Кончики его ушей налились малиновым цветом.
— Расскажите нам еще что-нибудь, мы тоже психи, — сказал Иванов, — только тихие.
Художник смешался:
— Ладно, синий у меня вторник, красный — четверг. Дайте подумать. Да, желтый. В желтый я, конечно, бездельничаю. Значит, в желтый... — Последней фразой он не выдержал тона — сорвался петухом: — Я их всех вижу! Каждое утро вижу! Кто знает, пусть ответит! Зачем они приходят?!
Замолчал, осоловело уставившись пустыми глазами, обведенными черными впадинами бессонницы. Казалось, он снова пребывал в вечном трансе, откуда его можно было вытянуть только встряхнув хорошенько.
— А что такое желтый? — осторожно выдохнула Изюминка-Ю, и он услышал, как ее дыхание щекочет ему шею.
— Это было позапозавчера, — поведал художник, взгляд его погас, он мельком оглядел комнату, стол, усыпанный растертыми окурками, пеплом, — захватанные стаканы, исходящие селедочным запахом, и груду истребленных журналов. — Полбанки еще стоит, — добавил он — нижняя губа в задумчивости отвисла. — Не допили... Впрочем, — подобрался, — не помню... С тех пор не видел. Больше его здесь не было. Нет, нет, не заглядывайте. Не надо — сглазите!

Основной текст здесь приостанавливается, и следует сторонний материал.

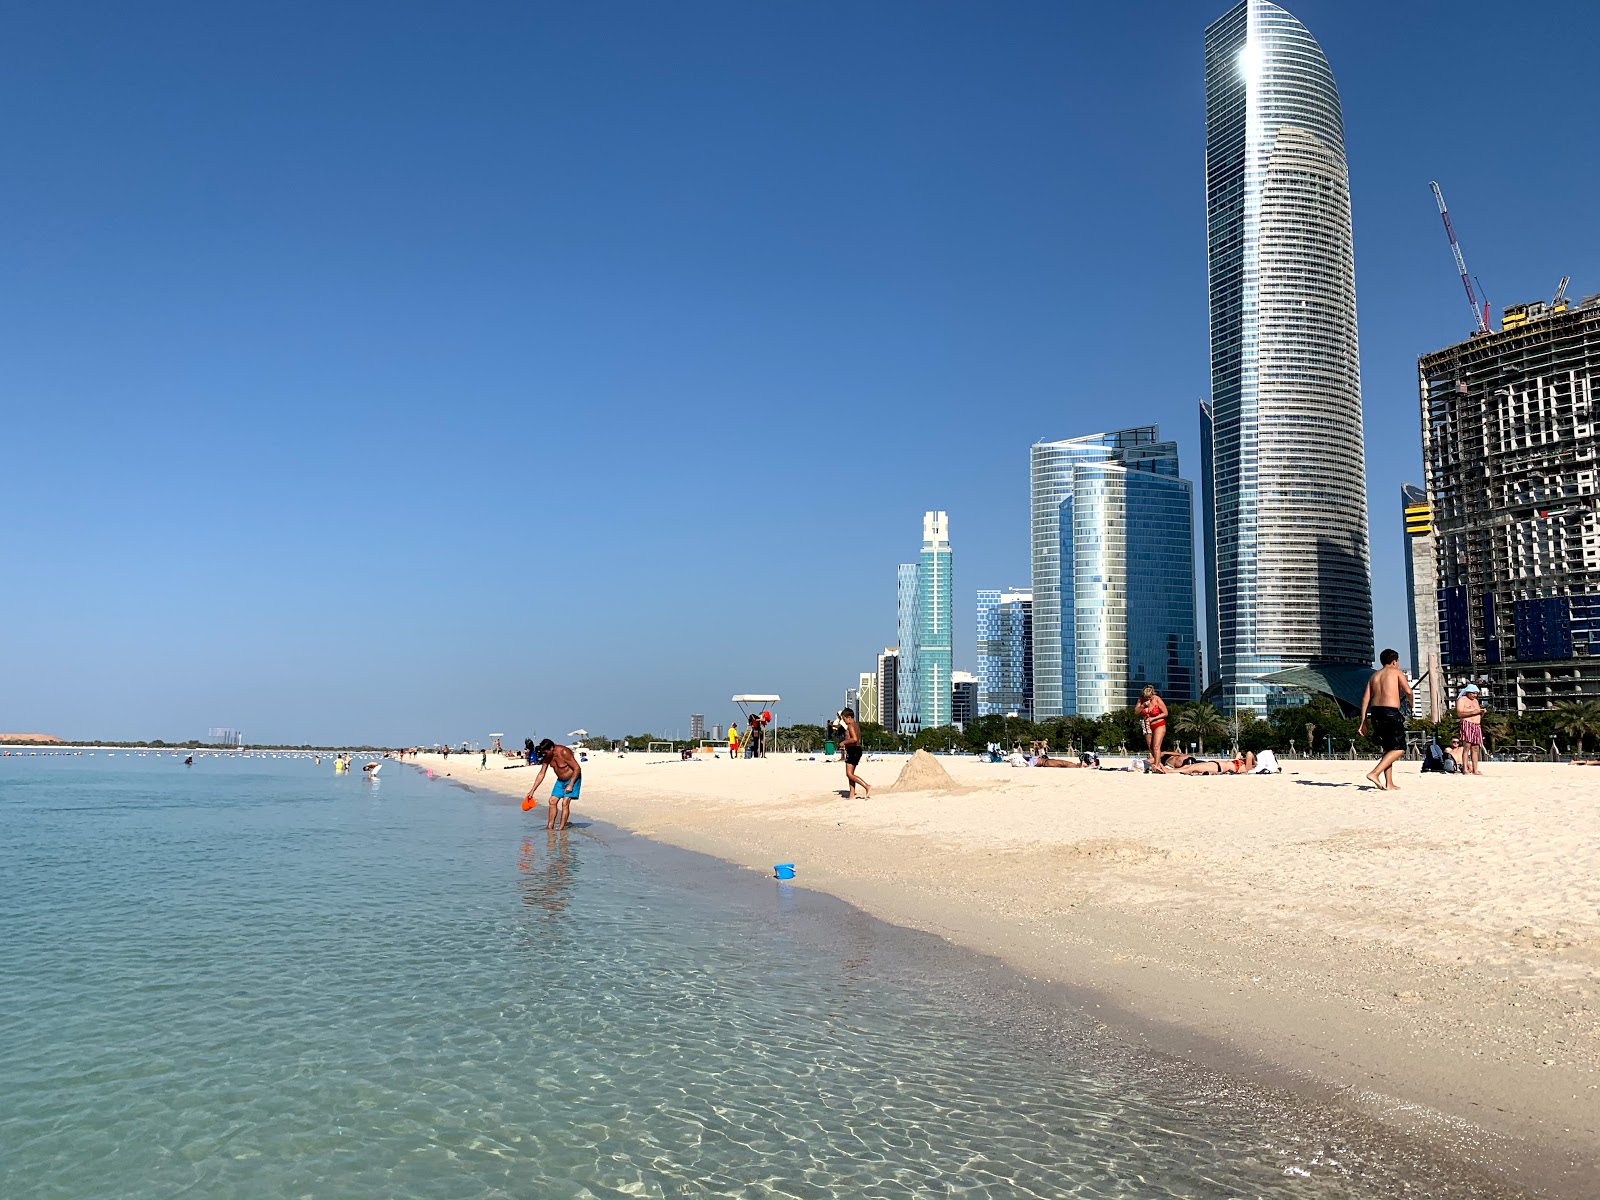 Abu Dhabi beach'in fotoğrafı beyaz ince kum yüzey ile

Иванов почувствовал, что Изюминка-Ю разочарована. Все, что окружало художника, было связано лишь с врачебной тайной.
— Что там насчет серебряной нити? — осведомилась она дружески. — Очень интересно...
Истребитель окурков слыл и художником-коллажистом: компоновал картины из старых фотографий, например, женское чрево с вылезающим космонавтом — шлем блестит под солнцем. Что-то от Сислея, только на современную тематику. Странно, что интеллектуальность не продляет жизнь. Один из парадоксов жизни. Уравнивает шансы — не в этом ли таится религиозность. Уж здесь-то природа явно дала маху, снивелировала всех под одну гребенку. К счастью, никто не в обиде. В юности ты фаталист, в зрелости — прагматик, но что-то от фаталиста в тебе все-таки остается, потому что так просто приятнее жить.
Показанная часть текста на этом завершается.